▸ What is needed: Although the records contain pictures, none belong in the copy: restate word for word only the lines from the one with "BANZAI JAPANスペシャルライブ「千人斬」" through the one with "f:id:JAPbuster:20170210215655j:plain", both included.

*** Provided entries ***

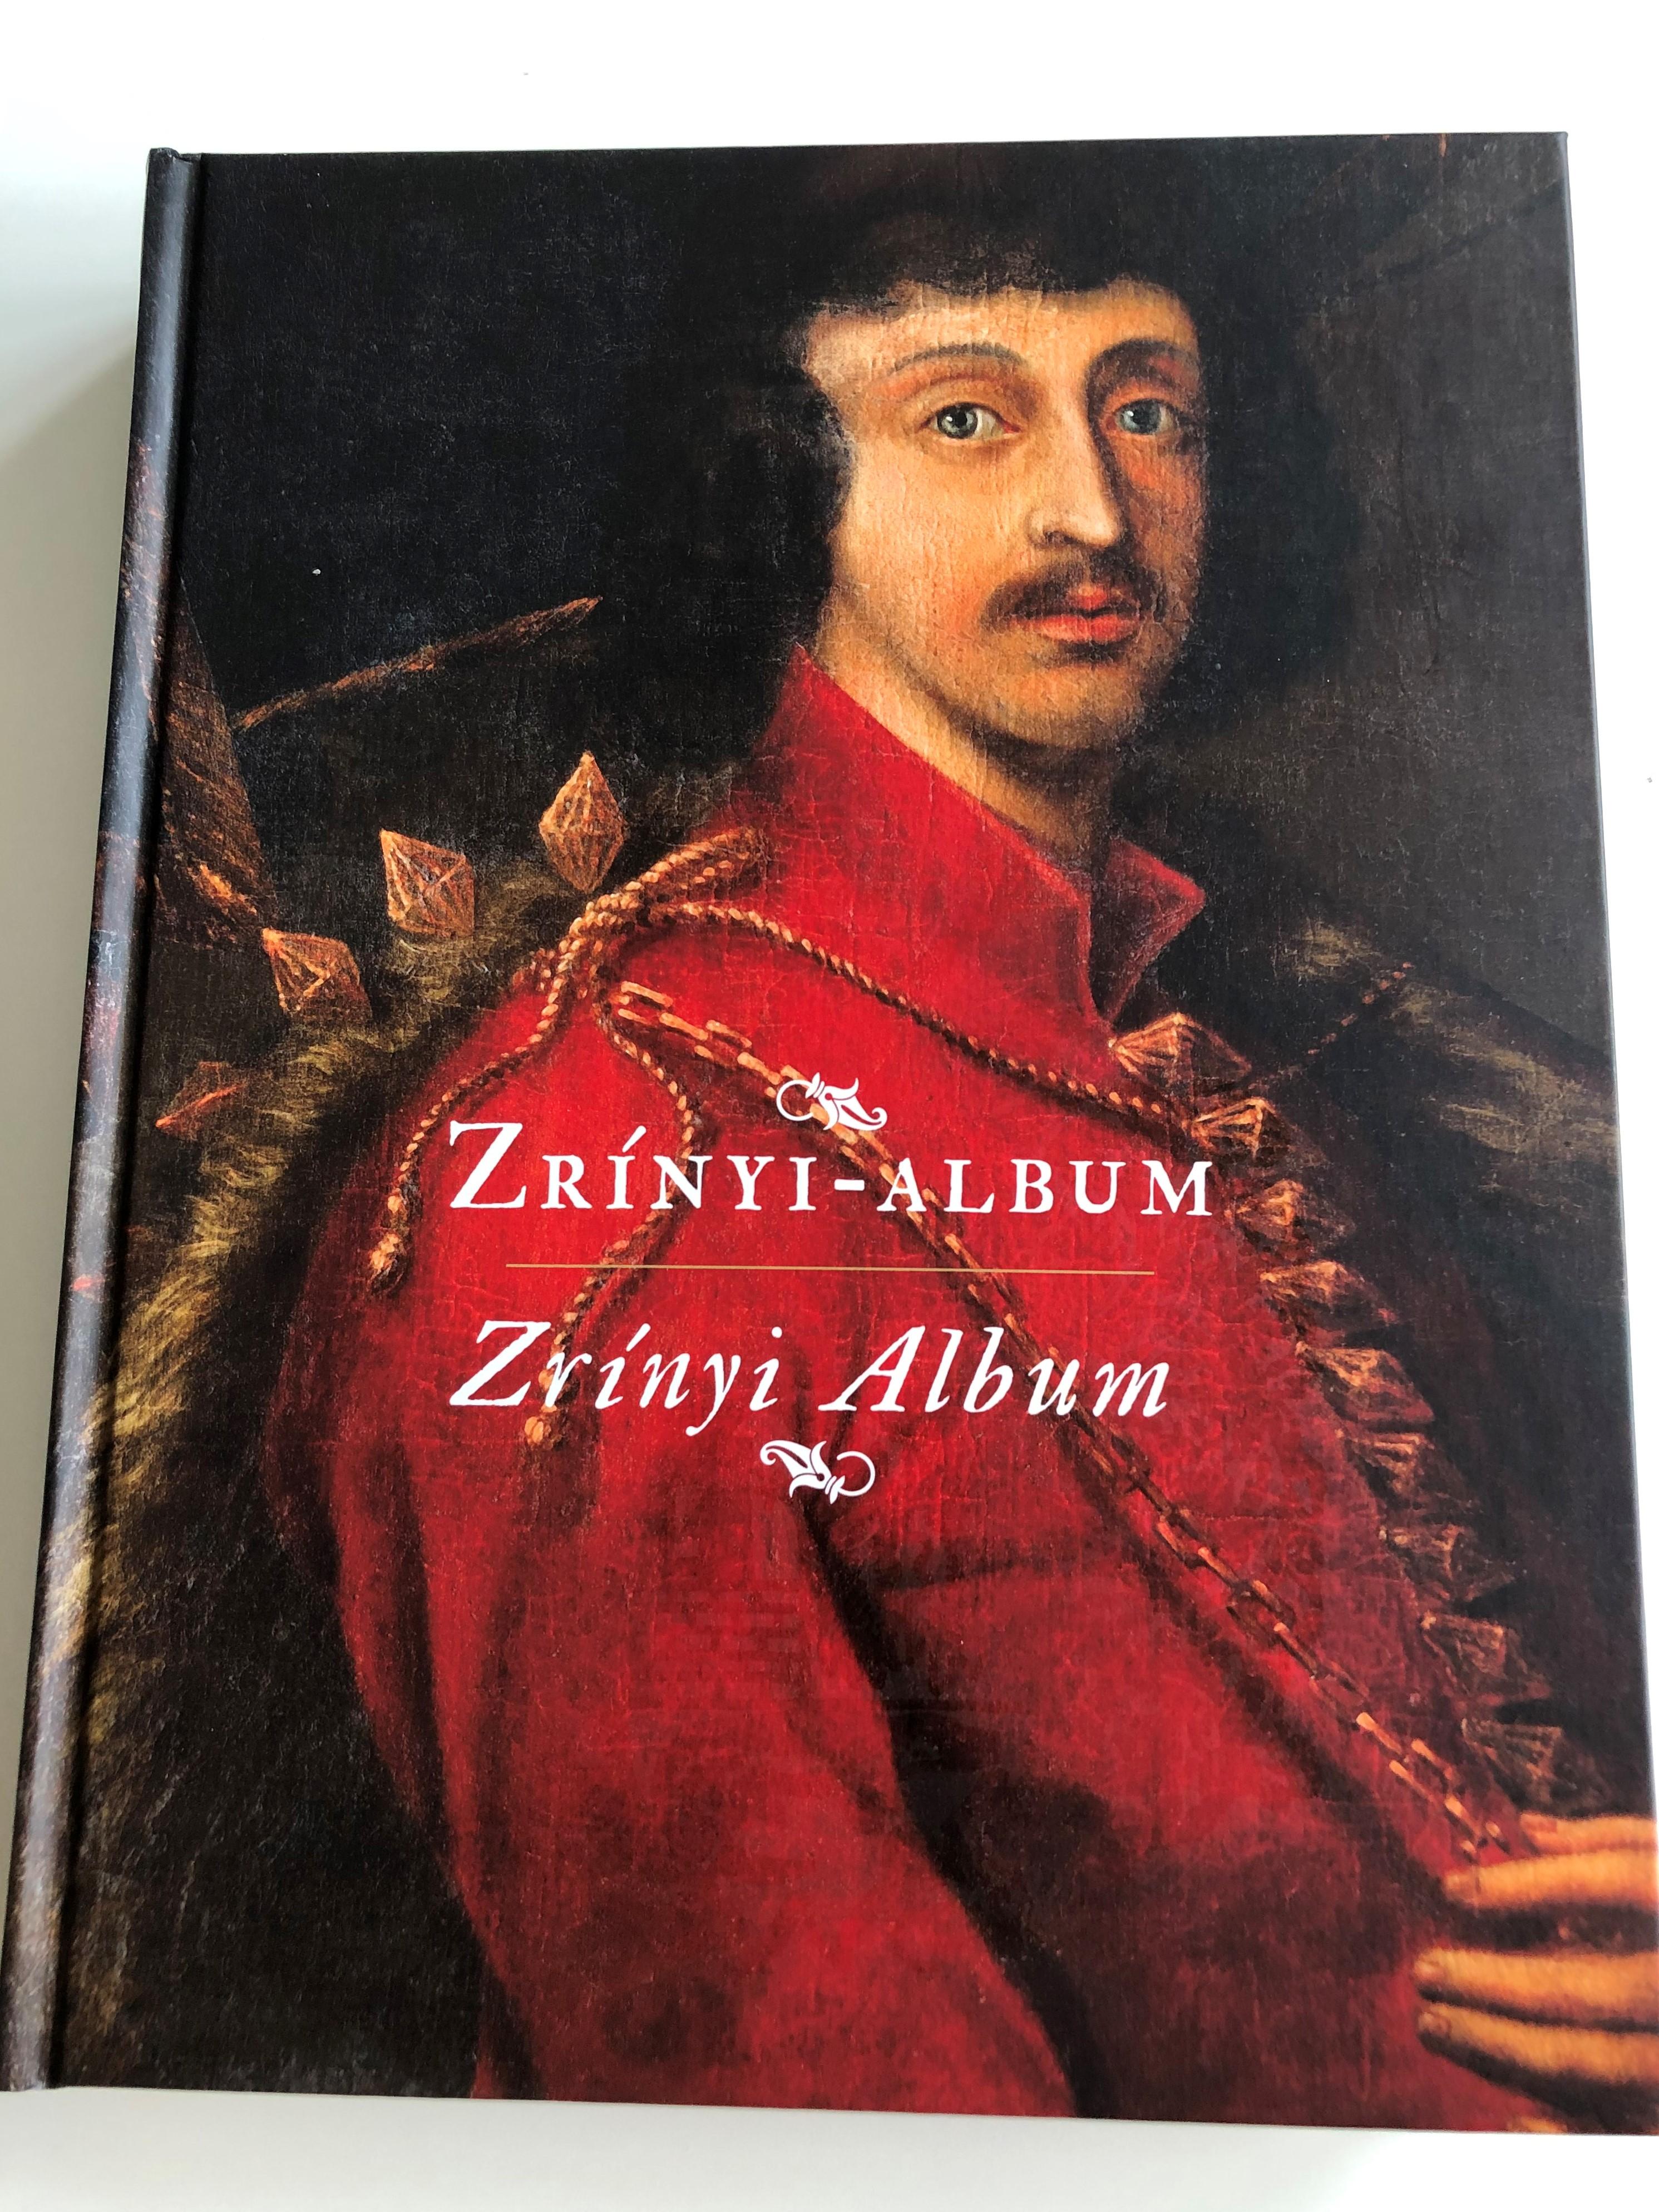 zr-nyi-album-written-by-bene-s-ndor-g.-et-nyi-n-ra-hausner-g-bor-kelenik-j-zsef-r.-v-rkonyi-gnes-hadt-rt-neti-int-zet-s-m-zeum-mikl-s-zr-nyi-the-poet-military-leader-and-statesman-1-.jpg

***
*** Provided entries ***

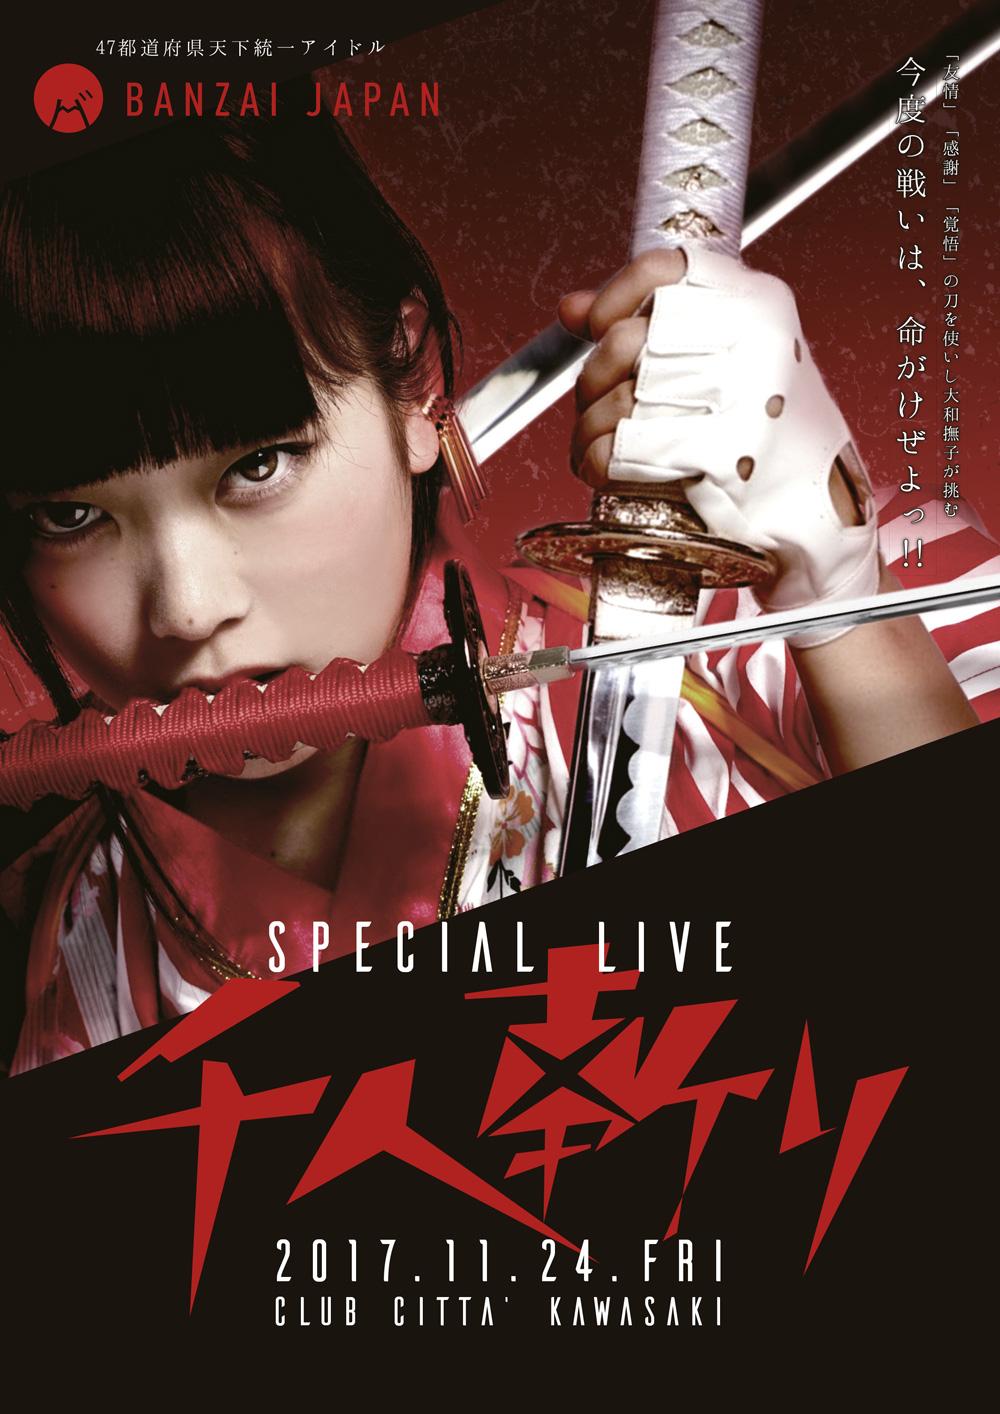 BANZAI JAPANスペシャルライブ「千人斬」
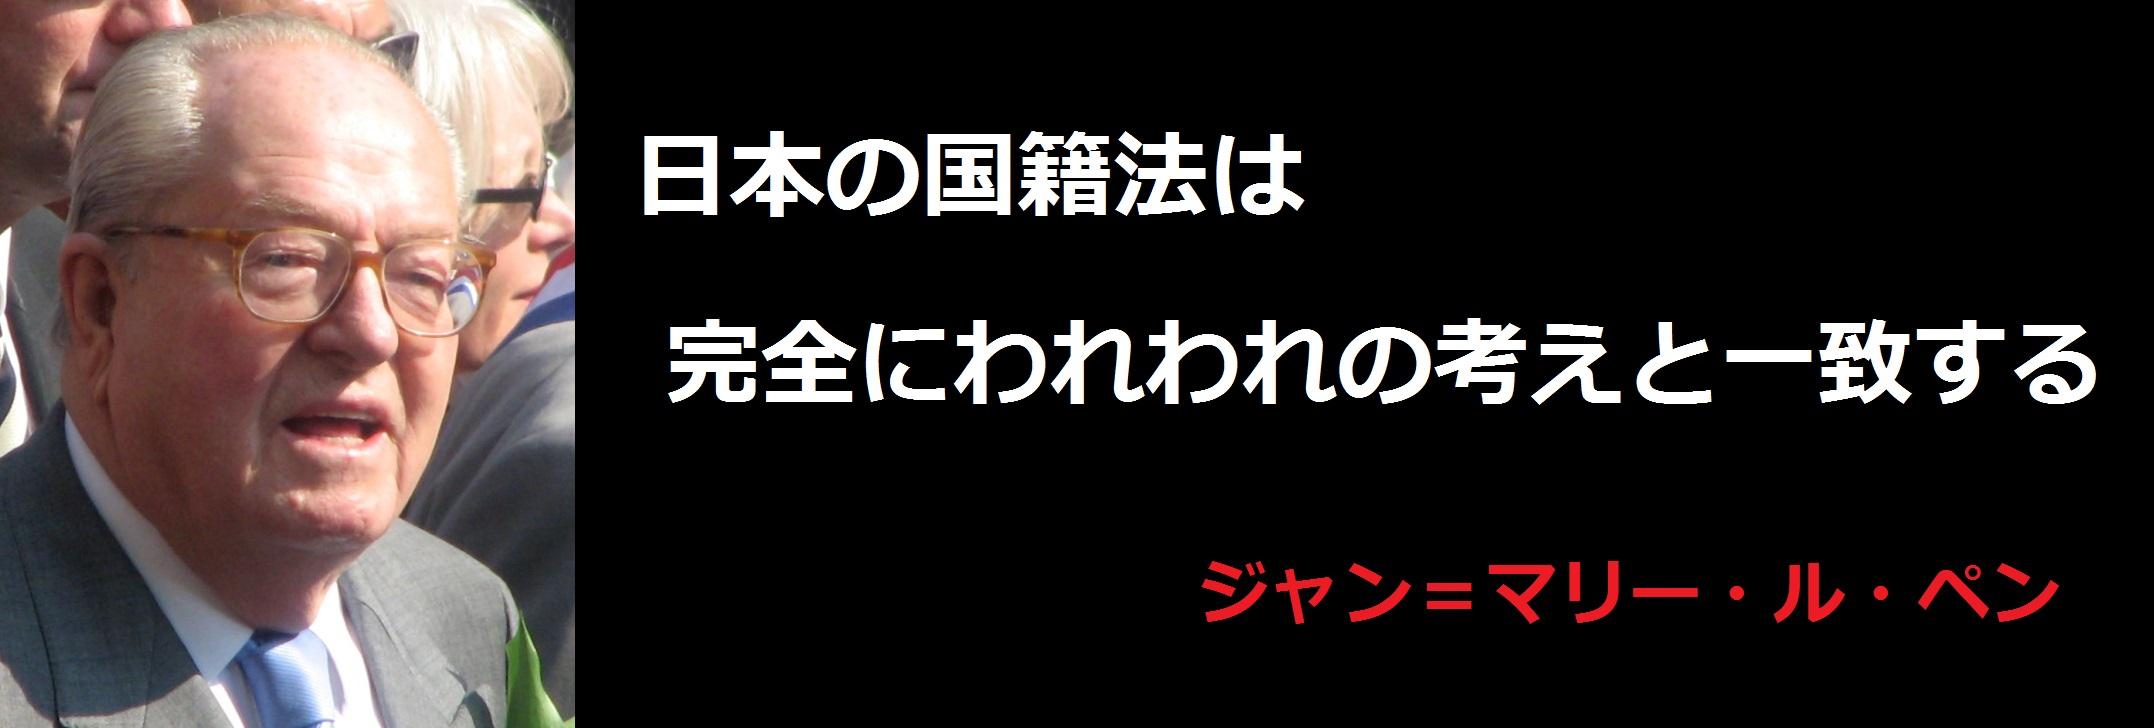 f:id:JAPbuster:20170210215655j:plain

***
*** Provided entries ***

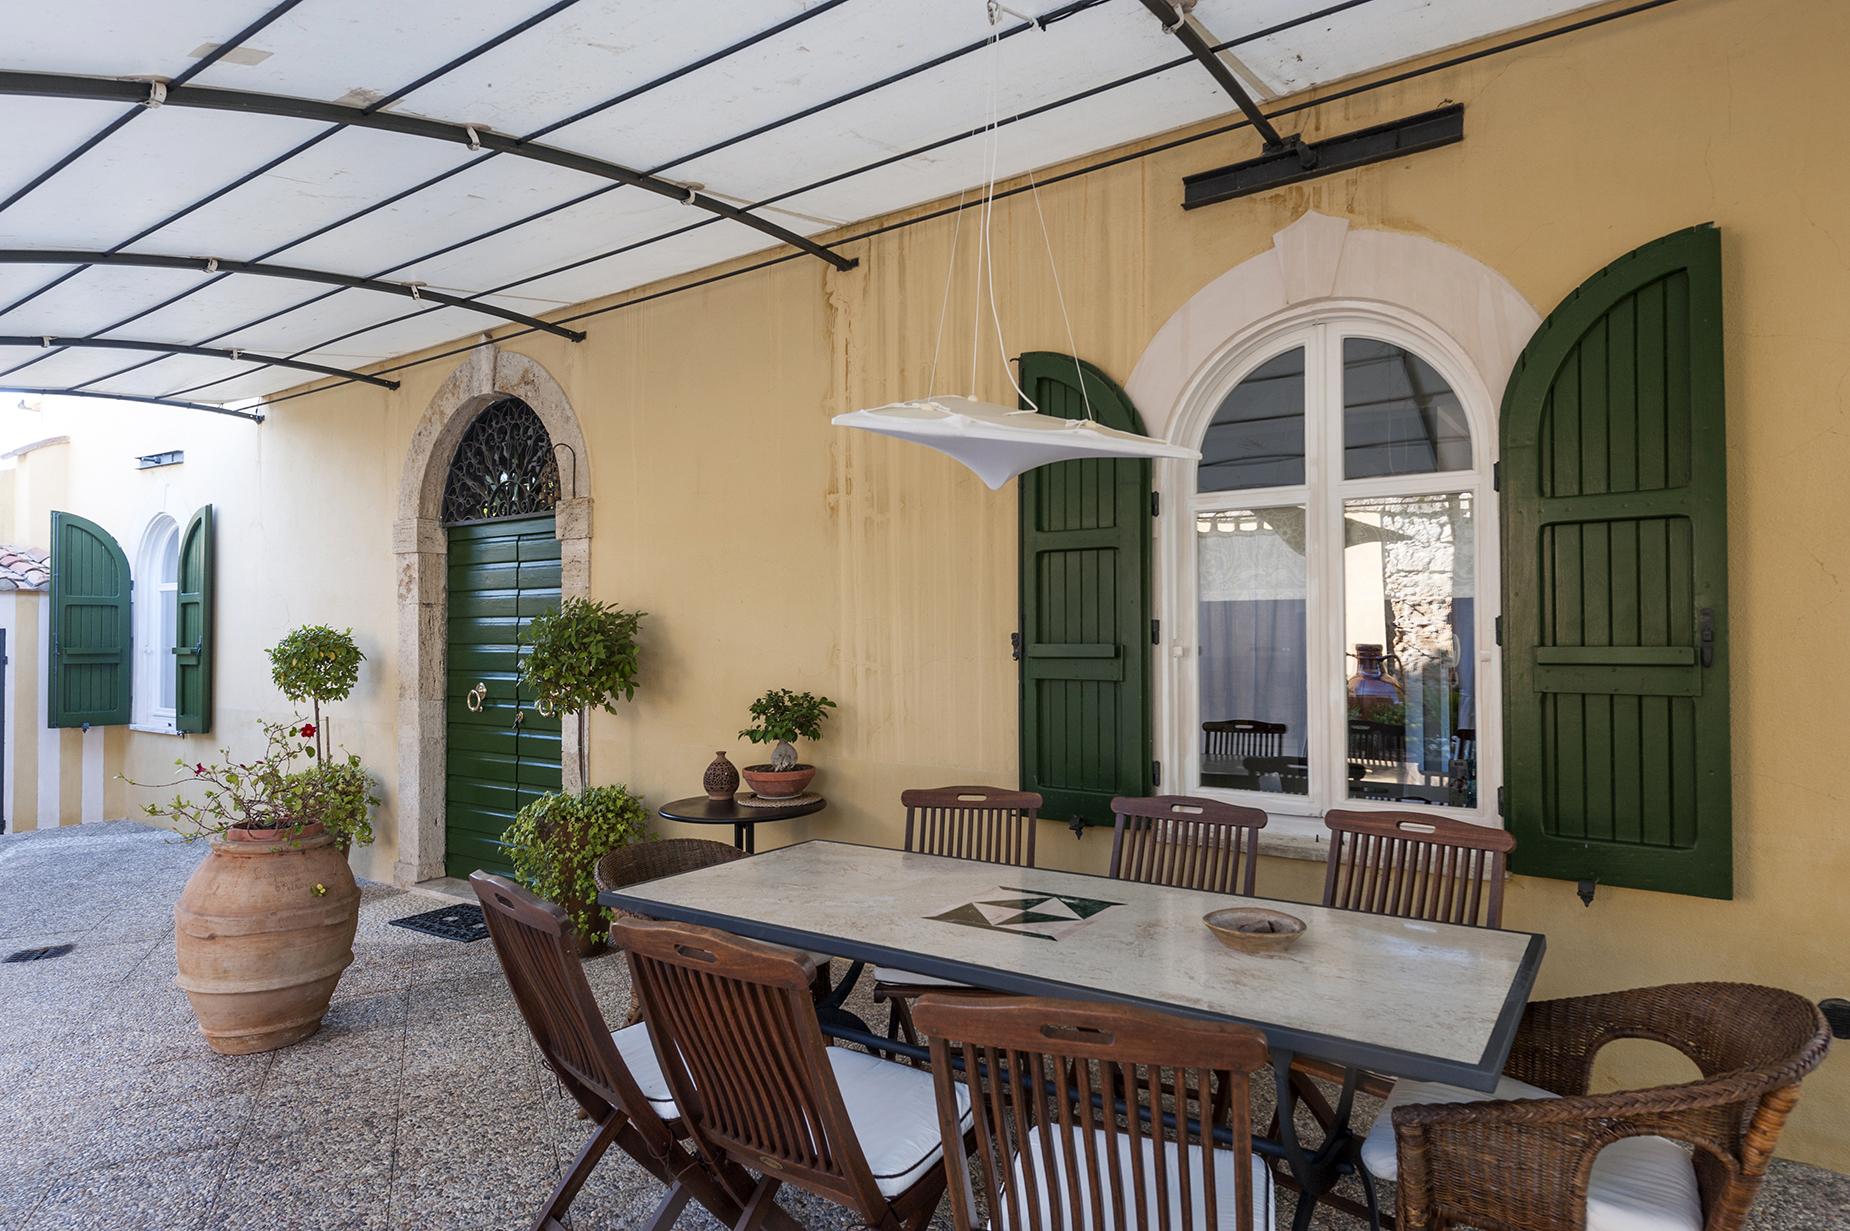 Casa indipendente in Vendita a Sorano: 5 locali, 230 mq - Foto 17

***

▸ Finished task:
 BANZAI JAPANスペシャルライブ「千人斬」
 f:id:JAPbuster:20170210215655j:plain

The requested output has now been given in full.